In another example, the user selection of the portion of the particular graphical representation includes a selection of a region of the particular graphical representation corresponding to a specific time window. In such a case, filtering may include filtering the data included in the visualization includes highlighting a region of another graphical representation that corresponds to the specific time window. That is, a user may select a specific time window of interest on the graphical representation of the detection frequency for the log template and this may trigger a modification of the graphical representation of the frequency distribution of parameter values per parameter for the log template and/or the graphical representation of the relationships between parameter values across different parameters for the log template to adapt its values to only include those within the indicated time range of interest.

Of course, the user selection of the portion of the particular graphical representation may include a selection of parameter value ranges within the particular graphical representation (e.g., the graphical representation of the relationships between parameter values across different parameters for the log template).
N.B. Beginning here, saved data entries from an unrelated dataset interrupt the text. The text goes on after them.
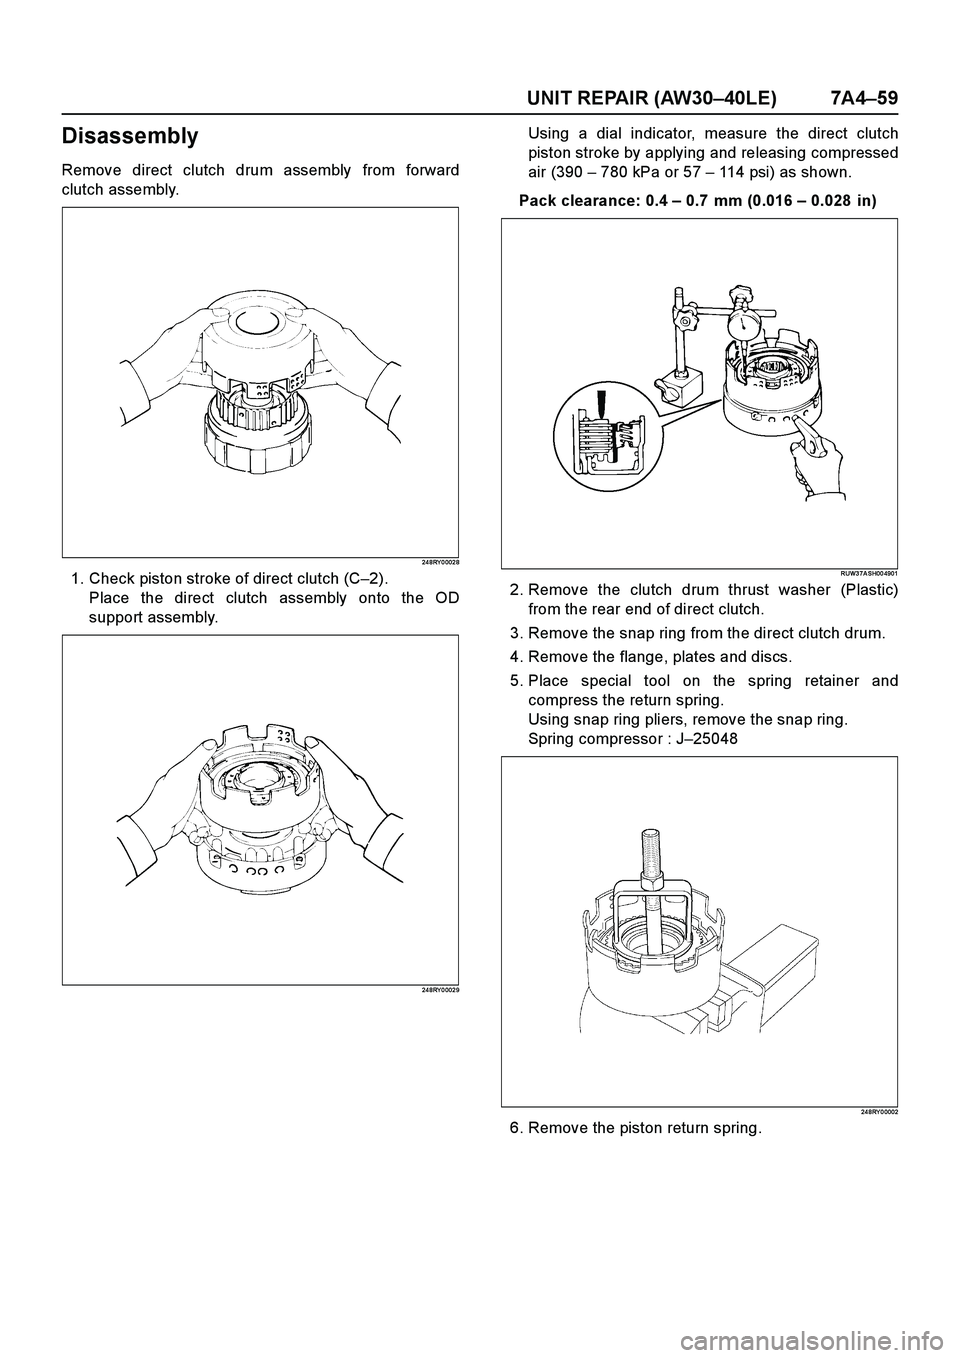 ISUZU TF SERIES 2004  Workshop Manual UNIT REPAIR (AW30–40LE) 7A4–59
Disassembly
Remove direct clutch drum assembly from forward
clutch assembly.
24 8RY 0 002 8
1. Check piston stroke of direct clutch (C–2).
Place the direct clutch

In that case, corresponding modifications (e.g., only include data associated with those parameter values, etc.) may be made to the other graphical representations accordingly.

In various implementations, the user selections may include selections of multiple regions of interest (e.g., sets of parameter values, time windows, etc.) which the user wants to compare. For example, the user selection of the portion of the particular graphical representation may include a selection of a first region of the particular graphical representation corresponding to a first specific time window and a section of a second region of the particular graphical representation corresponding to a second specific time window. In these cases, a color coding (or other graphical or textual differentiators) that differentiates data associated with the first specific time window from data associated with the second specific time window may be applied to the interactive graphical representations of the detection frequency for the log template, the frequency distribution of parameter values per parameter for the log template, and the relationships between parameter values across different parameters for the log template.

At step 625, as noted above, the process or models by which subsequent visualizations of log templates are modified based on user feedback on the visualization. User feedback may include a user customization of a graphical representation, a user rating of an element of the visualization, a customized log template for log message mapping, etc. Again, this user feedback may be used as the basis for modification of an inferential data model utilized to identify constant and parametric components within network monitoring log messages for log template mapping and/or even as the basis for modification of the appearance (e.g., format, color scheme, labels, etc.) of subsequent visualizations.

In some implementations, problematic trends or data may be automatically identified in the visualizations based on, for example, processing the visualizations with inferential models such as ML based models. Once identified, a user may be automatically notified of the identification by a message and/or by a modification of the appearance of the visualizations. For example, potentially problematic data may be highlighted, and the user may be provided with information describing aspects of the problematic trends or data, why they are problematic, potential sources of the problematic trends or data, suggested remediation efforts to address the problematic trends or data, etc.

Procedure 600 then ends at step 630.

It should be noted that while certain steps within procedure 600 may be optional as described above, the steps shown in FIG. 6 are merely examples for illustration, and certain other steps may be included or excluded as desired. Further, while a particular order of the steps is shown, this ordering is merely illustrative, and any suitable arrangement of the steps may be utilized without departing from the scope of the implementations herein.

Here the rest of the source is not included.